Ray-tracing-based simulations model ultrasound (US) interactions with a custom geometric anatomical model, where US texture can be emulated via real-time point-spread function convolutions of a tissue scatterer representation. Such scatterer representations for realistic appearance are difficult to parameterize or model manually and do not respond to volumetric deformations such as those caused with tissue compression by the probe. Herein we utilize brightness mode (B-mode) estimated scatterer maps for ray tracing and propose to enhance the realism of ray-tracing-based simulations by incorporating dynamic speckle patterns that change compliant with tissue deformation.

Methods

In this work, we realistically simulate US texture deformations in the scatterer domain via back-projection of ray segments into a nominal state before sampling during simulation runtime.
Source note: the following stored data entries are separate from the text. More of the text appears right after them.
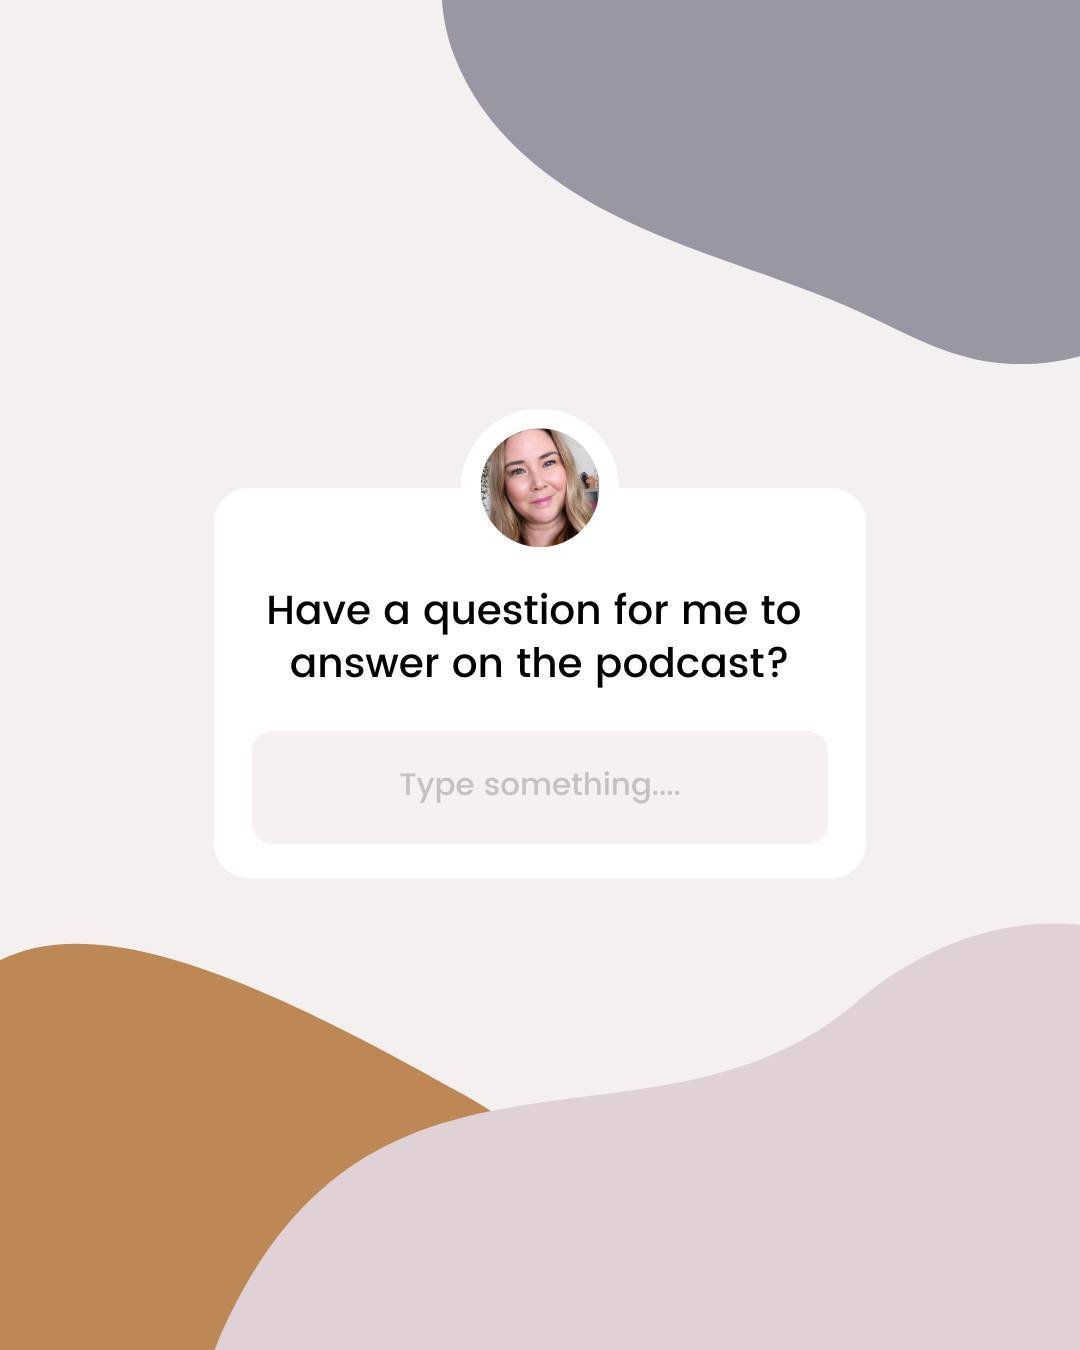 I'd love to answer your burning questions on The Guided Collective Podcast !!⁠
⁠
Leave me a comment below for something you'd love me to cover, explore or explain on the podcast in an upcoming episode. ⁠
⁠
To ensure yours gets answered, please keep t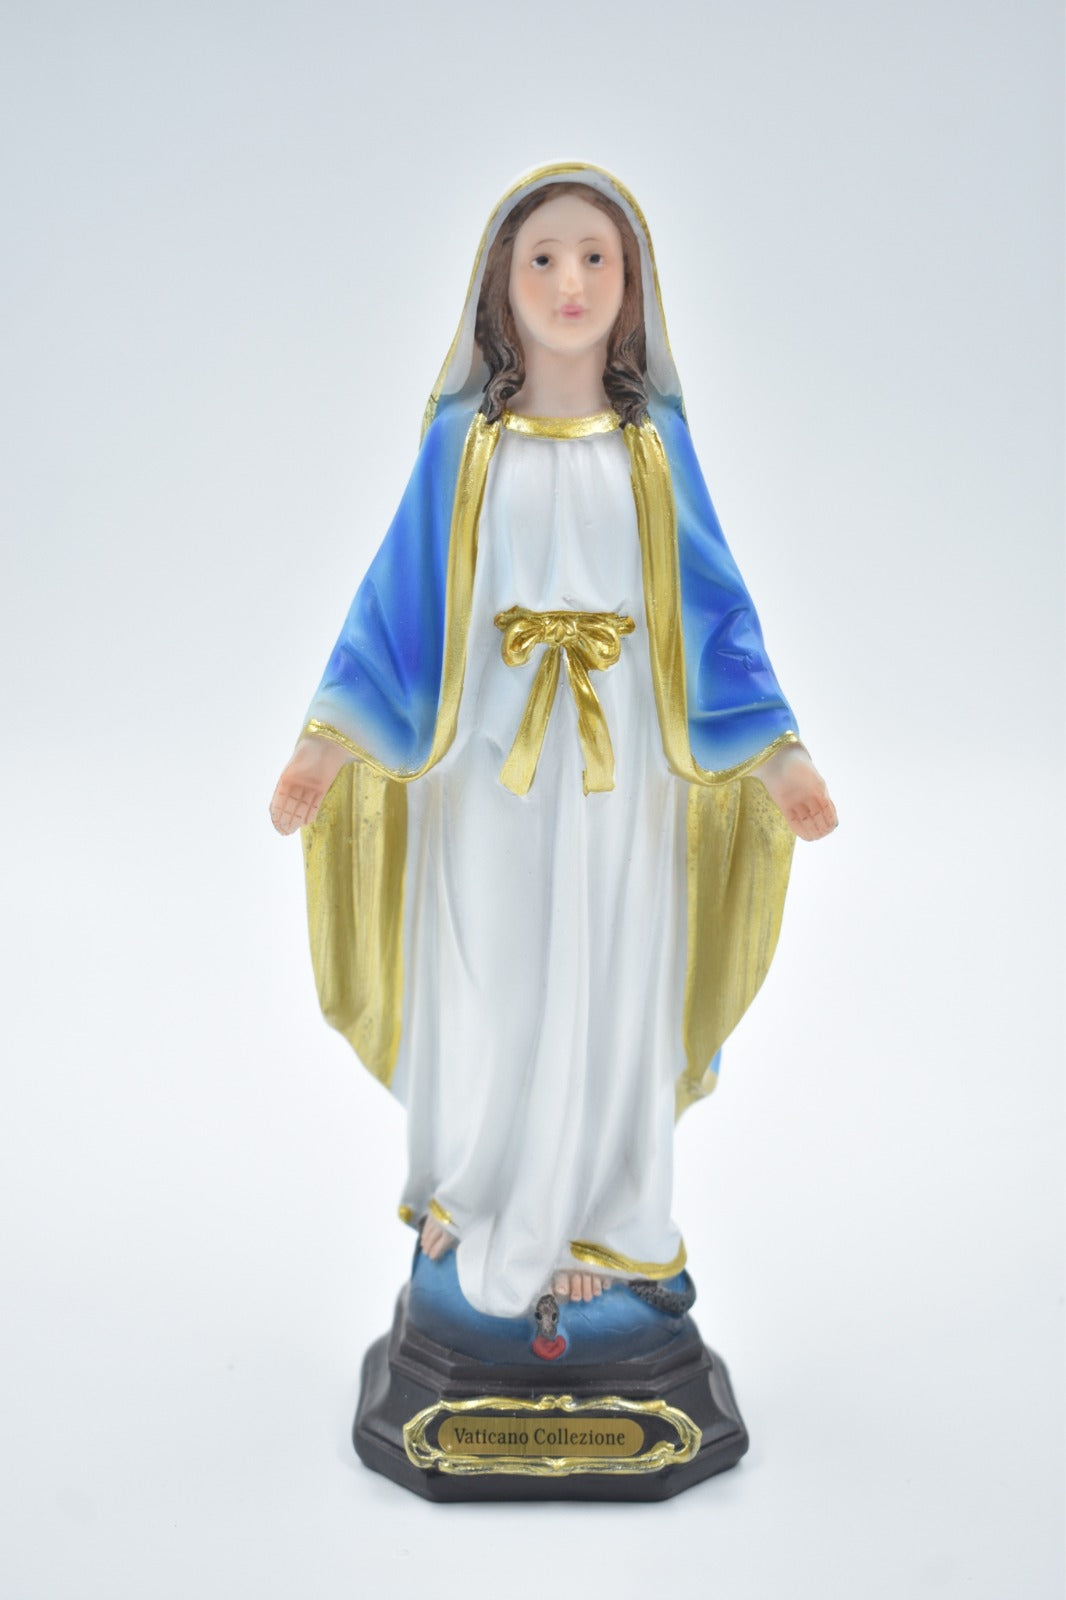 Mary Immaculate 8 Inch Statue - Beautiful Religious Figurine for Devotion and Decoration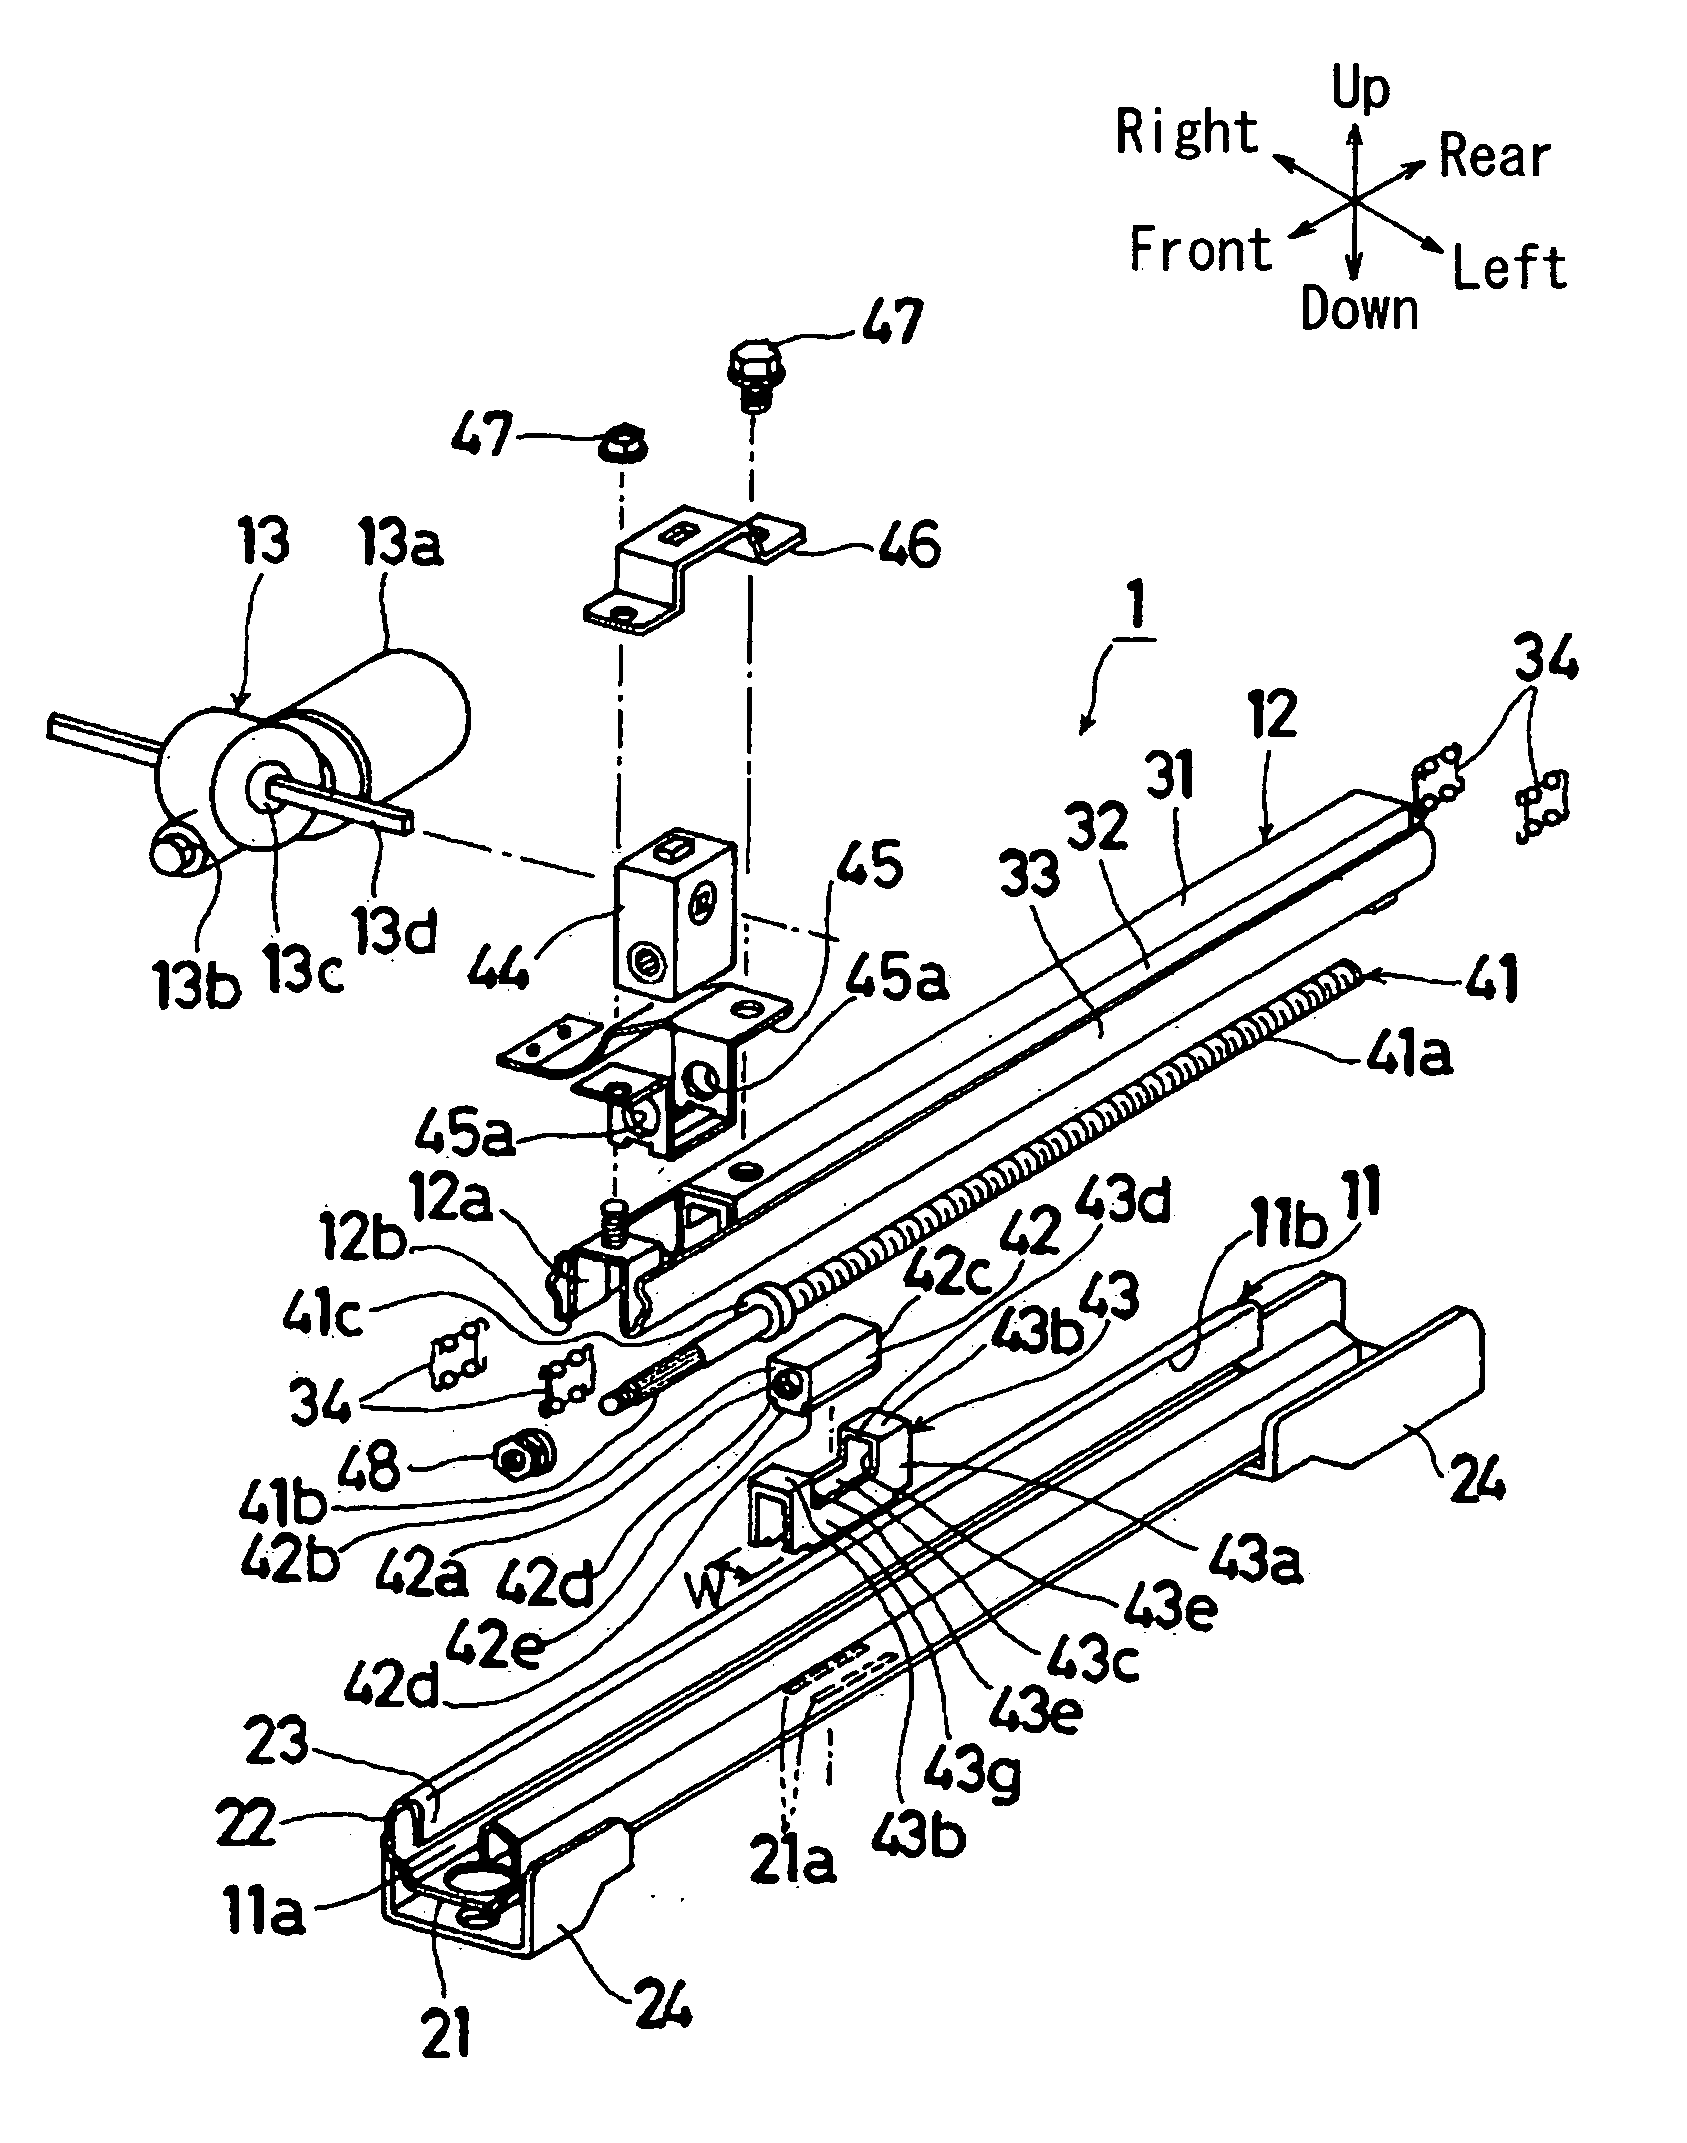 Power seat slide apparatus for a vehicle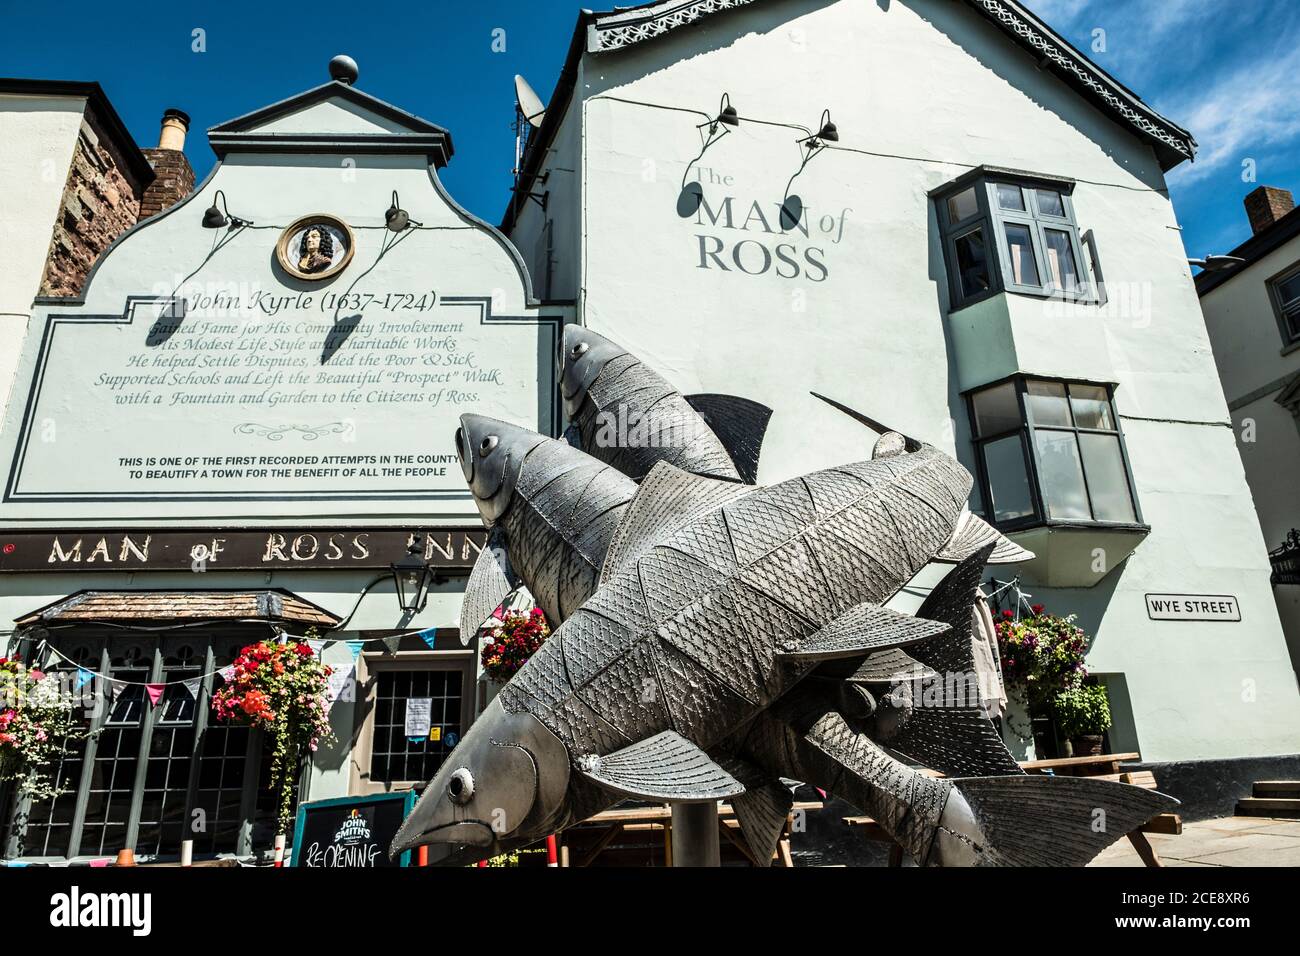 A sculpture of leaping salmon outside the Man of Ross Inn. Stock Photo

We estimate scatterer maps from background in vivo images using a pretrained generative adversarial network.

Results

We demonstrated our proposed scatterer estimation and runtime background fusion method on simulated transvaginal US scans of detailed surface-based foetal models. We show the viability of modelling deformations in the scatterer domain at interactive frame rates of 28 frames per second. A quantitative and a qualitative evaluations indicated improved realism in comparison to the state of the art.

Conclusions

Transferring a background image in a scatterer representation enables us to capture anatomical content in a physical space, in which deformations can be incorporated physically consistently before convolving with a US point-spread function during simulation runtime. This then uses the same imaging model on both the background and the hand-crafted models leading to a consistent and seamless compounding of contents in the scatterer space.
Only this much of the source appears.